The length includes spaces and symbols as characters.

4. Extracting Substrings

To extract part of a string, use substr() or substring().

Function Description

substr(string, start, end) Extracts substring from start to end position

substring(string, start, end) Similar, but can be vectorized

Example

str1 <- "Hello, World!"

substring_example <- substr(str1, 1, 5)

print(substring_example)

Output:
[1] "Hello"

Explanation:
Extracts characters from position 1 to 5.

5. String Concatenation

You can combine (join) strings using:

• paste() → adds a space by default

• paste0() → joins without any space

Example

str1 <- "Hello"

str2 <- "World"

str3 <- paste(str1, str2) # Adds a space

str4 <- paste0(str1, str2) # No space

print(str3)

print(str4)

Output:

[1] "Hello World"

[1] "HelloWorld"

You can also add custom separators:

paste(str1, str2, sep = "-")

→ "Hello-World"

6. Changing Case

Convert strings to uppercase or lowercase with toupper() and tolower().

Example

str1 <- "Hello, World!"

str2 <- "r programming"


upper_str <- toupper(str1)

lower_str <- tolower(str2)

print(upper_str)

print(lower_str)

Output:

[1] "HELLO, WORLD!"

[1] "r programming"

7. Replacing Substrings

To replace text inside a string, use:

• sub() → replaces the first occurrence

• gsub() → replaces all occurrences

Example

str1 <- "Learning R is fun! R is great!"

replaced_str <- gsub("R", "Python", str1)

print(replaced_str)

Output:

[1] "Learning Python is fun!
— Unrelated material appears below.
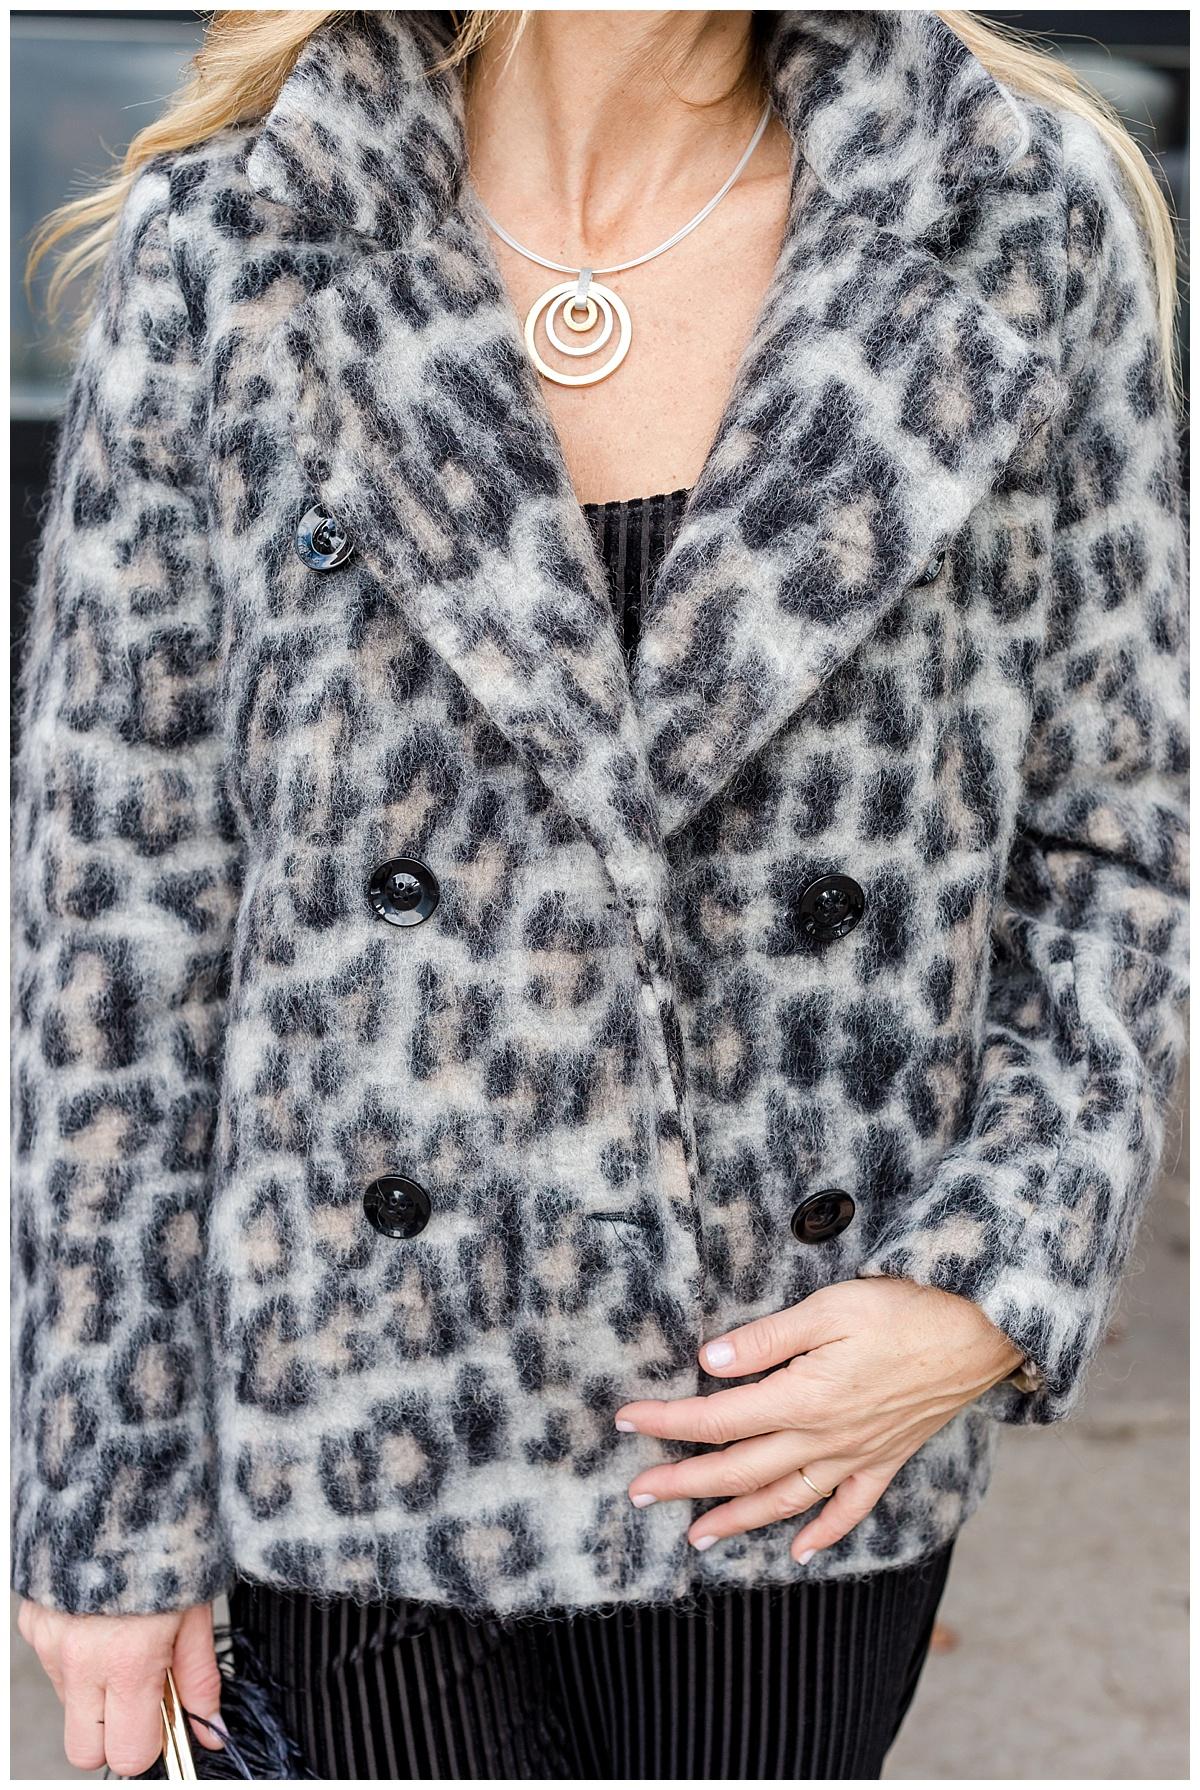 Lauren B jumpsuit and cheetah coat_1671.jpg

Python is great!"

8. Splitting Strings

Split a string into multiple parts using strsplit(), based on a delimiter (like a comma or space).

Example

split_str <- strsplit("R,Python,Java", ",")

print(split_str)
Output:

[[1]]

[1] "R" "Python" "Java"

The result is a list, so to get the first element:

split_str[[1]]

9. Finding Substrings

Use grep(), grepl(), or regexpr() to search for specific words inside a string.

Function Description

grep() Returns index/position of match

grepl() Returns TRUE/FALSE if match found

regexpr() Returns starting position of match

Example

str1 <- "Hello, World!"

position <- grep("World", str1)

found <- grepl("World", str1)

print(position)

print(found)

Output:

[1] 1

[1] TRUE

10. Trimming Whitespace

Use trimws() to remove unwanted leading and trailing spaces.

Example
str5 <- " Hello, R! "

trimmed_str <- trimws(str5)

print(trimmed_str)

Output:

[1] "Hello, R!"

Tip: Useful when cleaning text data with extra spaces.

11. String Formatting

Use sprintf() to create formatted strings, like inserting values into text templates.

Example

name <- "R"

age <- 25

formatted_str <- sprintf("I am learning %s at the age of %d.", name, age)

print(formatted_str)

Output:

[1] "I am learning R at the age of 25."

Similar to string formatting in other languages like C or Python.

12. Full Example – String Manipulation in R

# Original string

original_str <- " R Programming is fun! "

# 1. Trim whitespace

trimmed_str <- trimws(original_str)

# 2. Convert to uppercase

upper_str <- toupper(trimmed_str)


# 3. Replace "fun" with "awesome"

replaced_str <- gsub("fun", "awesome", upper_str)

# 4. Split into words

words <- strsplit(replaced_str, " ")[[1]]

# 5. Concatenate back to a single string

final_str <- paste(words, collapse = " ")

print(final_str)

Output:

[1] "R PROGRAMMING IS AWESOME!"

Explanation:

1. Removed extra spaces

2. Converted to uppercase

3. Replaced a word

4. Split and joined words back together

13. Summary of String Functions

Function Purpose Example

nchar() Count characters nchar("R")

substr() Extract substring substr("Hello", 1, 3)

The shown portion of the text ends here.